The most exepnsive prodecures and the number of occurences¶
Find the most expensive procedures and how many times they occur.
sql = """
SELECT DESCRIPTION, COUNT(*) as total_procedures, ROUND(AVG(BASE_COST),2) as Avg_cost
FROM procedures
GROUP BY DESCRIPTION
ORDER BY Avg_cost DESC
LIMIT 10
"""
res = c.execute(sql)
for r in res:
print(r)
('Admit to ICU (procedure)', 5, 206260.4)
('Coronary artery bypass grafting', 9, 47085.89)
('Lumpectomy of breast (procedure)', 5, 29353.0)
('Hemodialysis (procedure)', 27, 29299.56)
('Insertion of biventricular implantable cardioverter defibrillator', 4, 27201.0)
('Electrical cardioversion', 1383, 25903.11)
('Partial resection of colon', 7, 25229.29)
('Fine needle aspiration biopsy of lung (procedure)', 1, 23141.0)
('Percutaneous mechanical thrombectomy of portal vein using fluoroscopic guidance', 57, 20228.04)
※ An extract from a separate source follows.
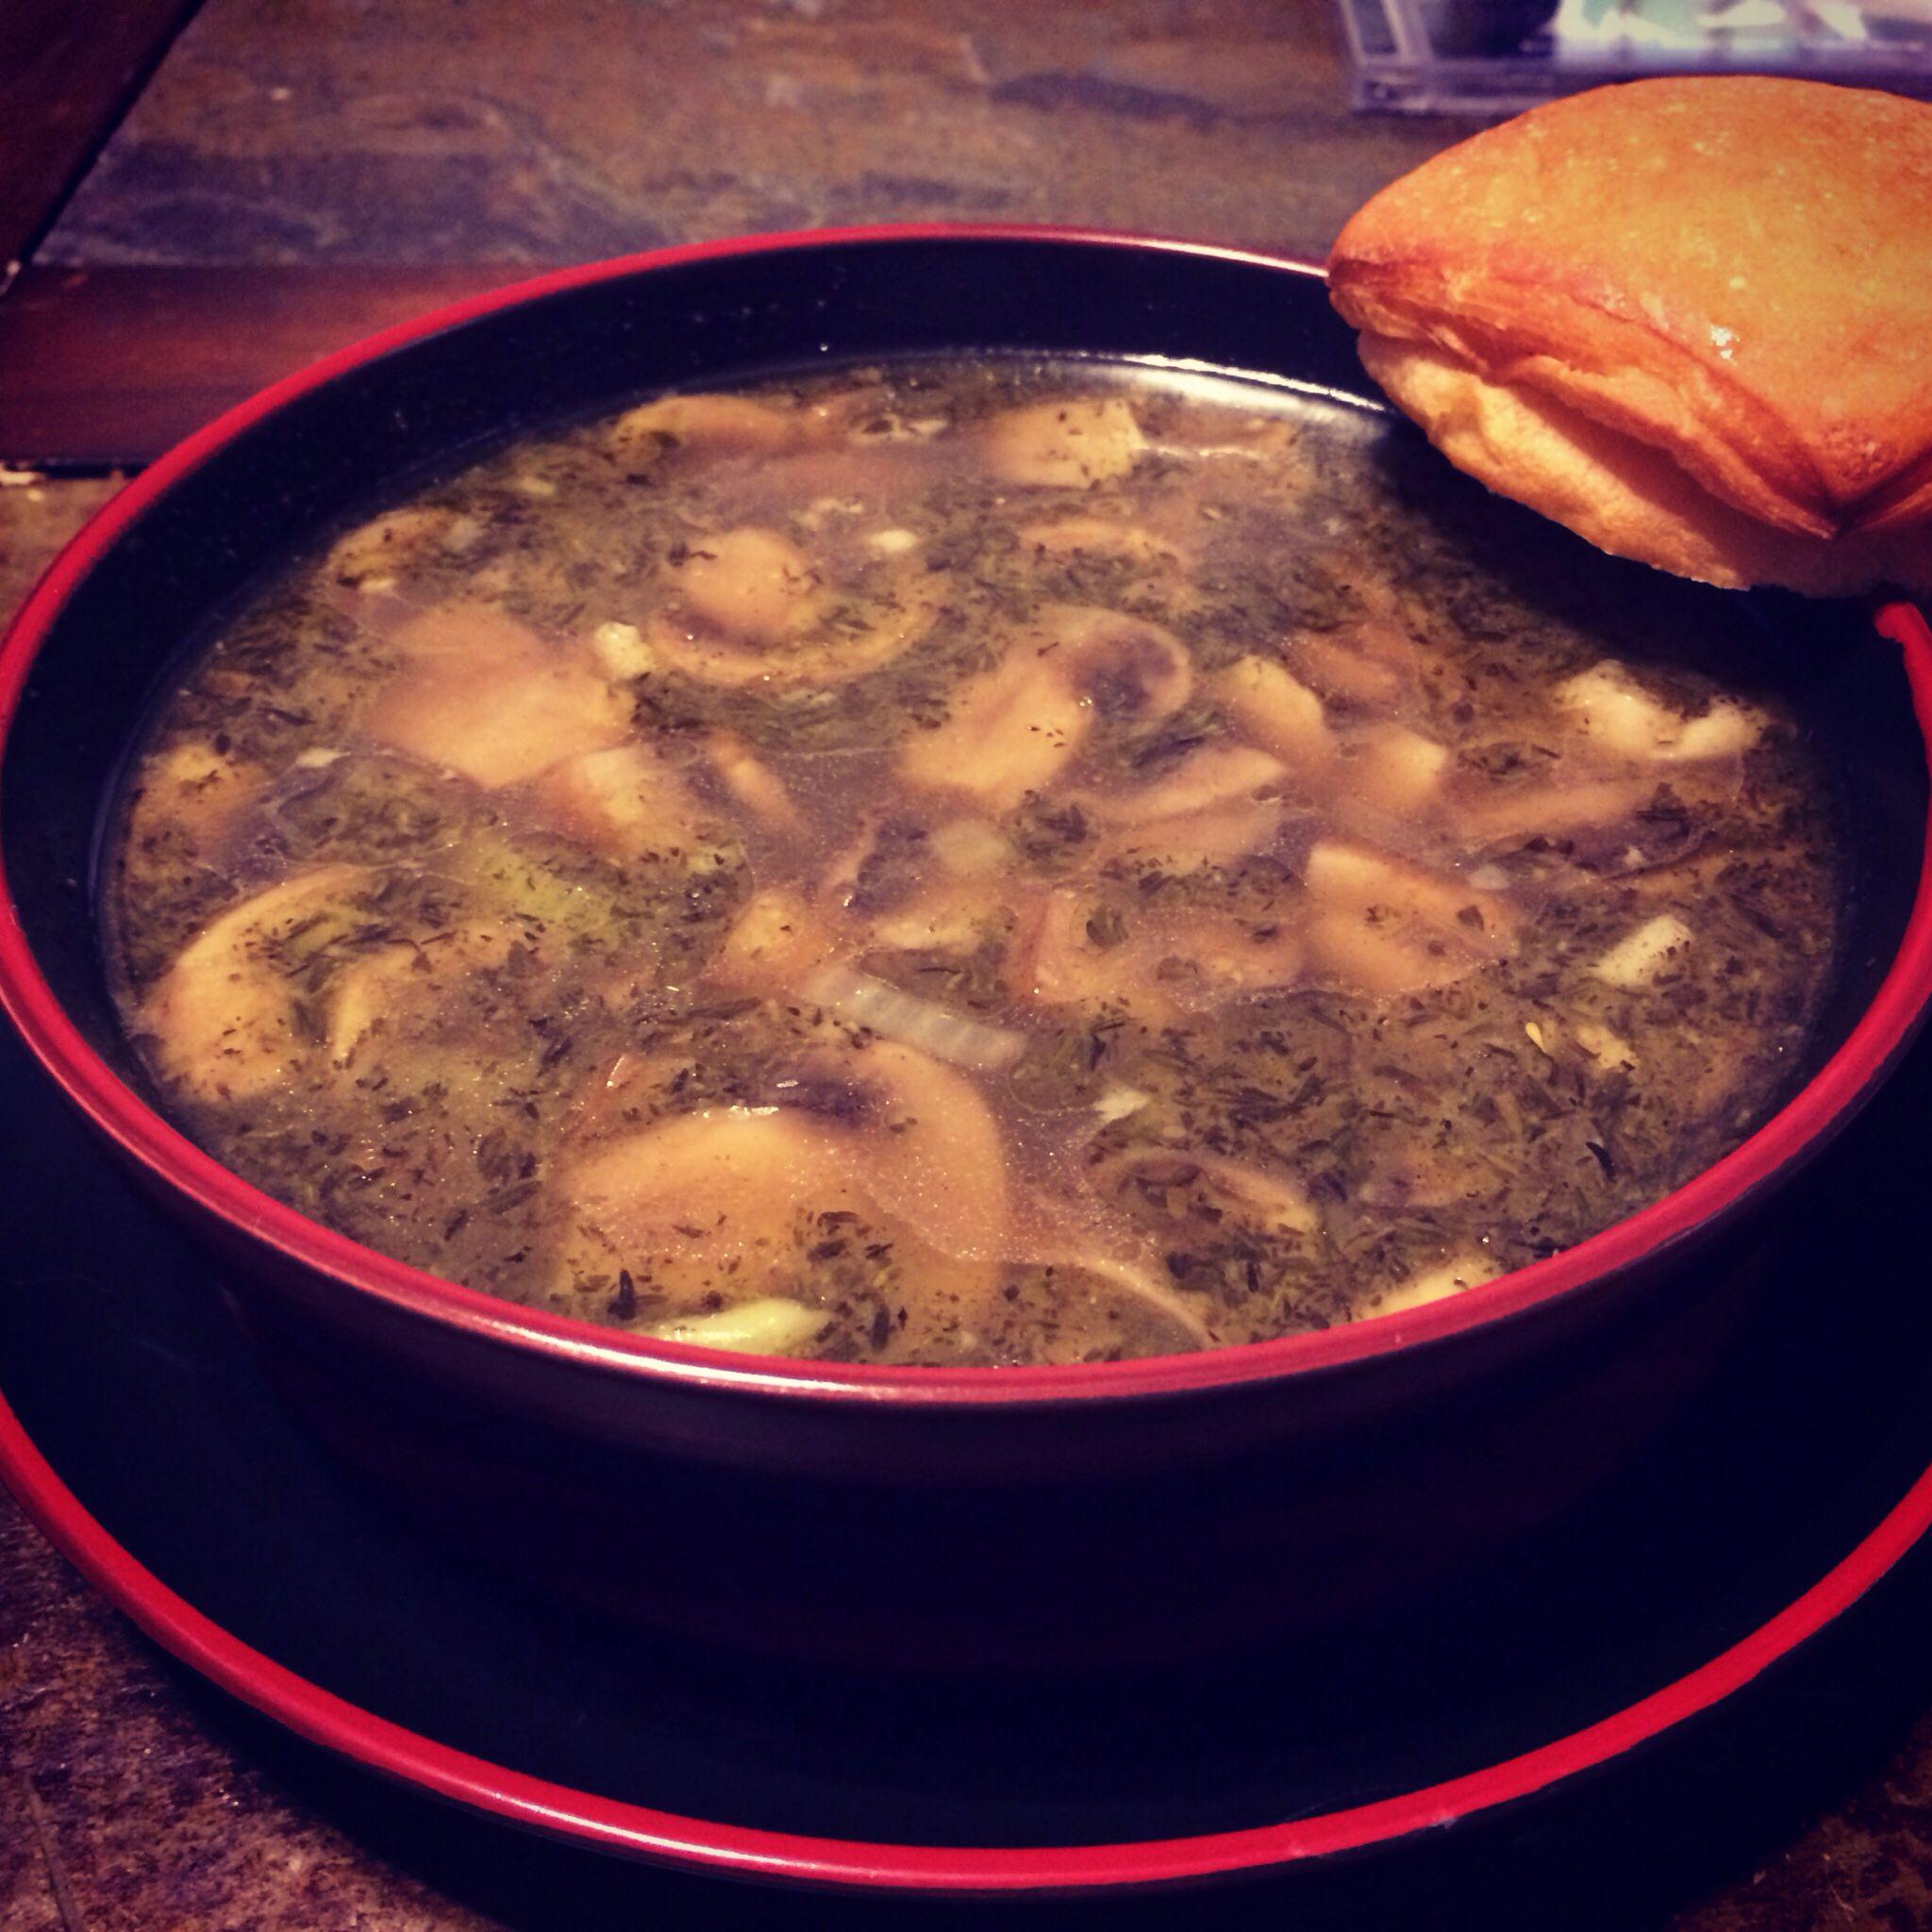 Ham Hock and Mushroom soup

('Percutaneous coronary intervention', 9, 19728.0)
Of the top 10 most expensive procedures, 70% occur less than ten times. The notable exception is 'Electrical cardioversion' which has happened 1,383 times and is the sixth most expensive procedure.
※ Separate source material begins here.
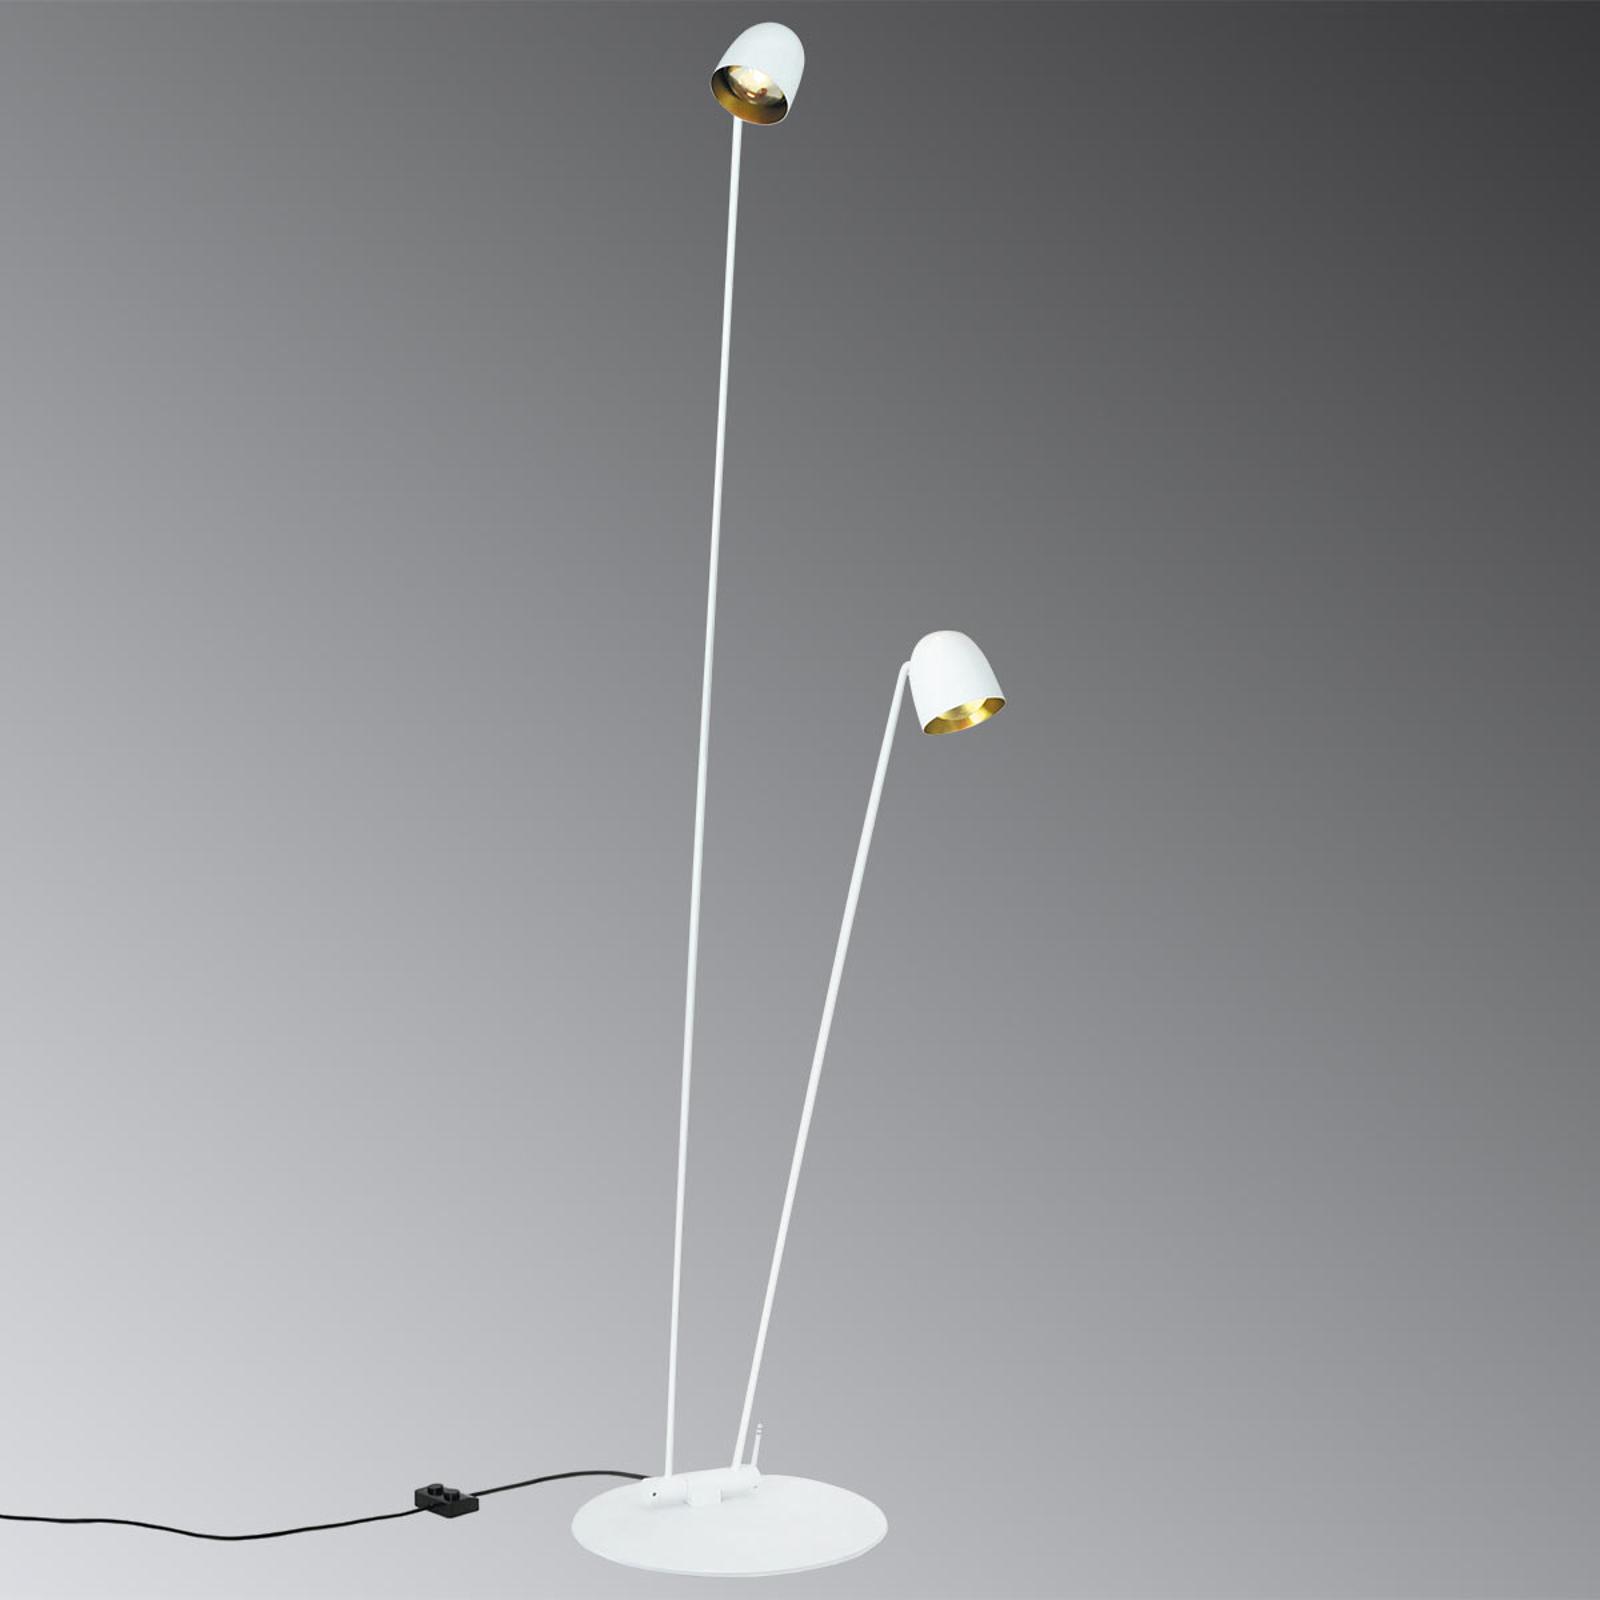 Hvit LED-gulvlampe Speers F fleksibel justerbar

The average total claim cost for encounters by payer¶
Find the average payments made by payers
sql = """
SELECT p.NAME, ROUND(AVG(e.TOTAL_CLAIM_COST),2) as avg_claim_cost
FROM encounters as e
JOIN payers as p
on e.PAYER = p.Id
GROUP BY PAYER
ORDER BY avg_claim_cost DESC
"""
res = c.execute(sql)
for r in res:
print(r)
('Medicaid', 6205.22)
('NO_INSURANCE', 5593.2)
('Anthem', 4236.81)
('Humana', 3269.3)
('Blue Cross Blue Shield', 3245.58)
('Cigna Health', 2996.95)
('UnitedHealthcare', 2848.34)
('Aetna', 2767.05)
('Medicare', 2167.55)
('Dual Eligible', 1696.19)
The second highest average total cliam cost is actually by those without insurance, with the top three payers being Medicaid, Anthem and Humana.